MALILI — Pemerintah Kabupaten Luwu Timur memperkuat penertiban reklame yang tidak memenuhi ketentuan perizinan maupun kewajiban perpajakan. Badan Pendapatan Daerah (Bapenda) bersama Satuan Polisi Pamong Praja (Satpol PP) melakukan operasi penertiban secara bertahap di seluruh kecamatan.
Hingga Senin (24/8/2026), penertiban telah dilaksanakan di empat kecamatan.

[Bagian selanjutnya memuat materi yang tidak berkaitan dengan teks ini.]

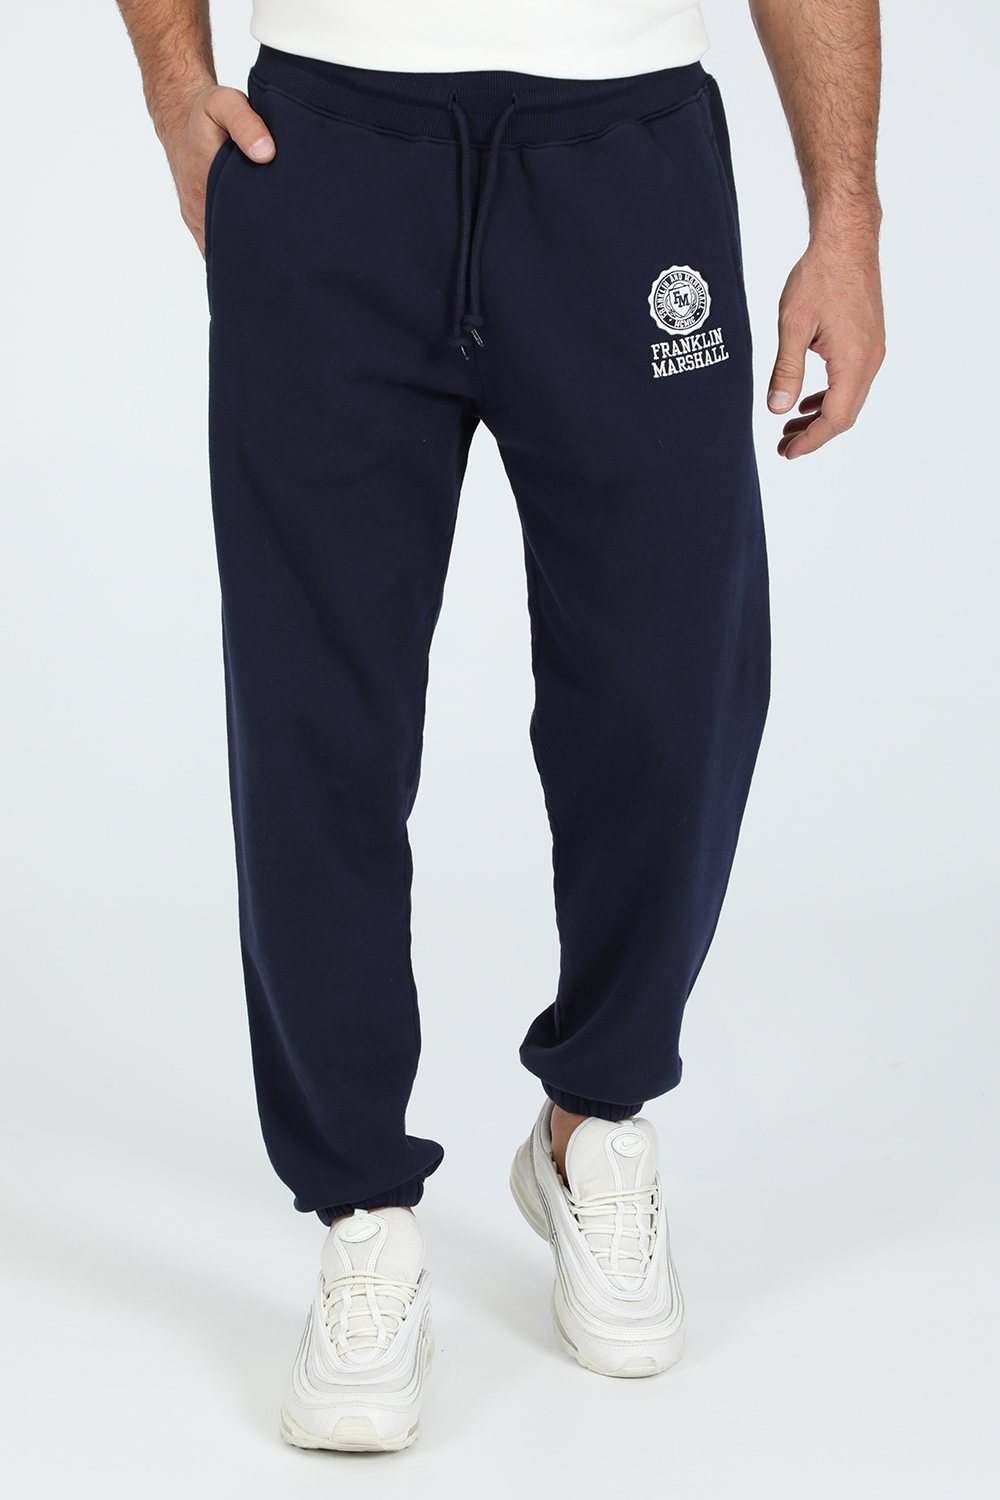 Ανδρικά/Ρούχα/Αθλητικά/Φόρμες FRANKLIN & MARSHAL - Ανδρικό παντελόνι φόρμας FRANKLIN & MARSHALL BRUSHED μπλε
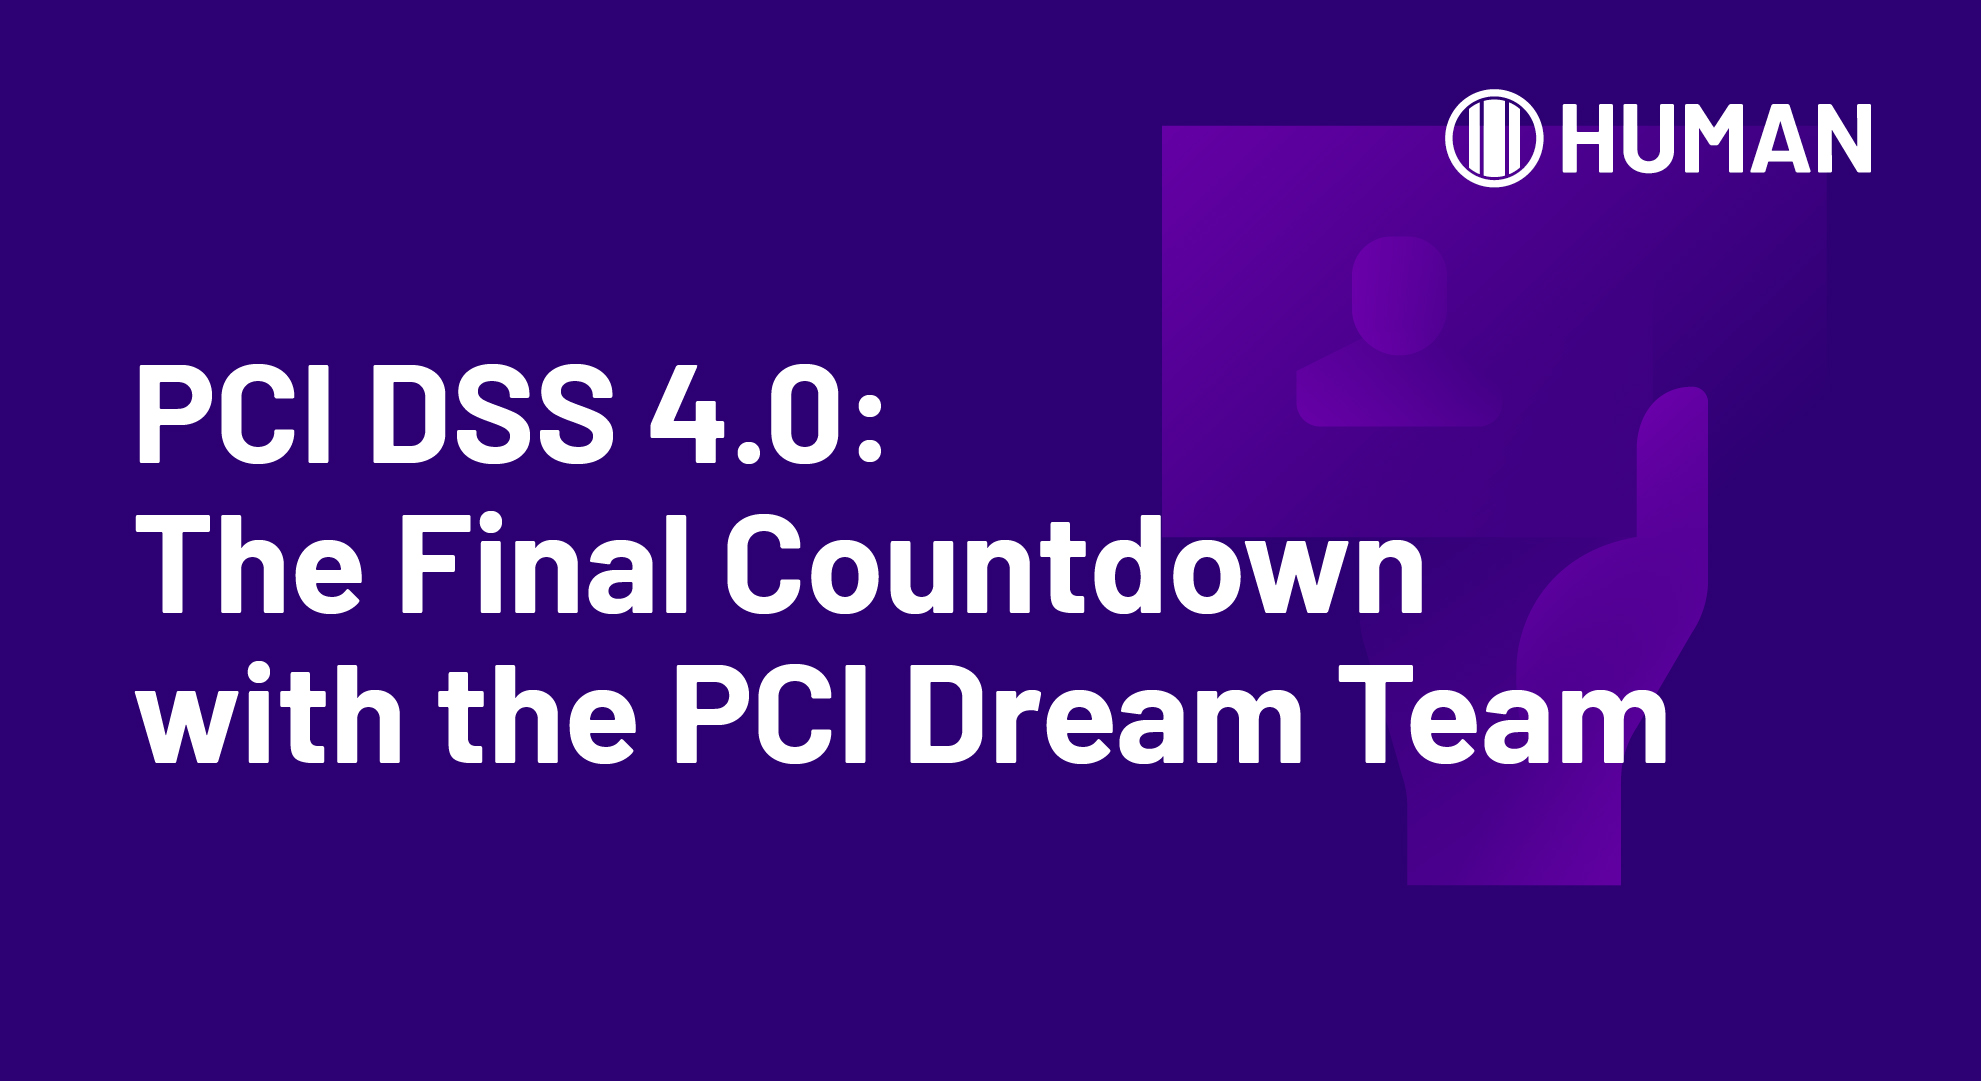 HUMAN_LIL_PCI DSS Countdown_on-demand

Sementara wilayah lainnya akan menjadi sasaran operasi lanjutan sebagai bagian dari upaya pemerintah daerah memastikan penyelenggaraan reklame berjalan sesuai ketentuan.
Dalam operasi tersebut, petugas menertibkan sejumlah media reklame yang ditemukan tidak memenuhi persyaratan. Jenisnya meliputi papan reklame, spanduk, banner hingga billboard.
Penertiban menyasar reklame yang tidak mengantongi izin penyelenggaraan, izin yang telah berakhir dan belum diperpanjang, serta reklame yang pemiliknya masih memiliki tunggakan kewajiban Pajak Reklame.
Sekretaris Bapenda Luwu Timur menjelaskan, langkah tersebut merupakan bagian dari penegakan Peraturan Daerah sekaligus upaya mengoptimalkan Pendapatan Asli Daerah (PAD) dari sektor Pajak Reklame.
Menurutnya, penertiban tidak semata-mata berorientasi pada tindakan terhadap pelanggaran, tetapi juga untuk menciptakan kepastian dan rasa keadilan bagi pelaku usaha yang telah memenuhi kewajiban perizinan serta membayar pajak sesuai ketentuan.
“Penertiban ini merupakan bagian dari upaya pemerintah daerah memastikan seluruh penyelenggaraan reklame berjalan sesuai aturan sekaligus memberikan keadilan bagi wajib pajak yang telah taat memenuhi kewajibannya,” jelasnya.
Bapenda juga mengingatkan pelaku usaha, biro periklanan maupun masyarakat yang akan memasang reklame agar terlebih dahulu memastikan seluruh persyaratan perizinan telah dipenuhi dan kewajiban Pajak Reklame dibayarkan tepat waktu.
Pemerintah daerah menilai kepatuhan tersebut penting karena penerimaan dari sektor pajak daerah pada akhirnya menjadi salah satu sumber pembiayaan pembangunan dan pelayanan publik bagi masyarakat Luwu Timur.
“Pajak yang dikumpulkan dari reklame ini nantinya akan kembali kepada masyarakat melalui pembangunan infrastruktur dan pelayanan publik,” ujarnya.
Operasi penertiban akan terus dilakukan secara bertahap di kecamatan lainnya. Adapun jumlah keseluruhan reklame yang telah diturunkan dan diamankan hingga saat ini masih dalam proses pendataan dan rekapitulasi oleh petugas.
Dengan langkah tersebut, Pemkab Luwu Timur berharap kepatuhan masyarakat dan pelaku usaha terhadap ketentuan reklame semakin meningkat, sekaligus mendorong optimalisasi penerimaan daerah secara tertib, transparan, dan berkeadilan.